I see here that p3p2_1, the interface on which the FIP packets are being trasmitted/received is 2 and not 1 as I had in my add-flow commands. I modified my previous add-flow commands with in_port and output as 2, but it didn't seem to work. No errors, but doesn't do anything.

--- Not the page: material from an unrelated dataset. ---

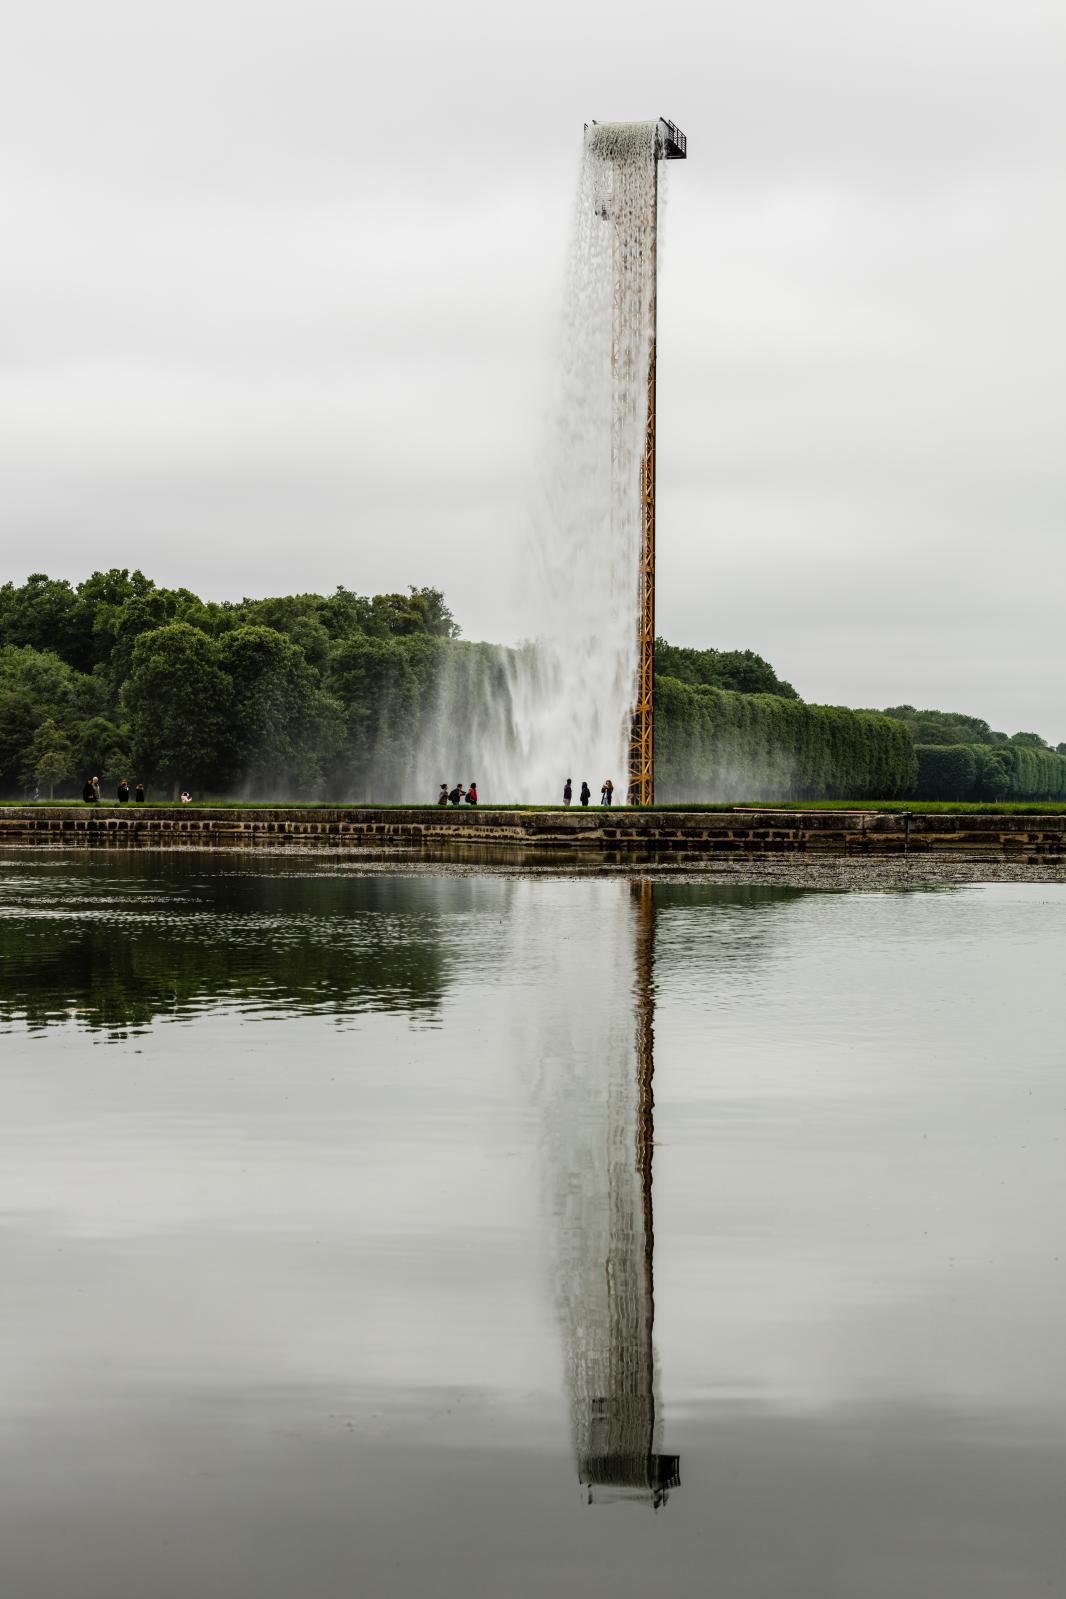 Waterfall, grue, eau, acier inoxydable, tuyau, pompe, ballast, château de Versailles, 2016.

# ovs-ofctl add-flow br0 "table=0, dl_type=0x8914, in_port=2, 
actions=output:LOCAL"
# ovs-ofctl add-flow br0 "table=0, dl_type=0x8914, in_port=LOCAL, 
actions=output:2"

# ovs-appctl ofproto/trace br0 dl_type=0x8914
Flow: metadata=0,in_port=ANY,vlan_tci=0x0000,dl_src=00:00:00:00:00:00,dl_dst=00:00:00:00:00:00,dl_type=0x8914
Rule: table=254 cookie=0 priority=0,reg0=0x1
OpenFlow actions=controller(reason=no_match)

No match, flow generates "packet in"s.

Final flow: unchanged
Relevant fields: skb_priority=0,in_port=ANY,dl_type=0x8914,nw_frag=no
Datapath actions: drop
This flow is handled by the userspace slow path because it:
        - Sends "packet-in" messages to the OpenFlow controller.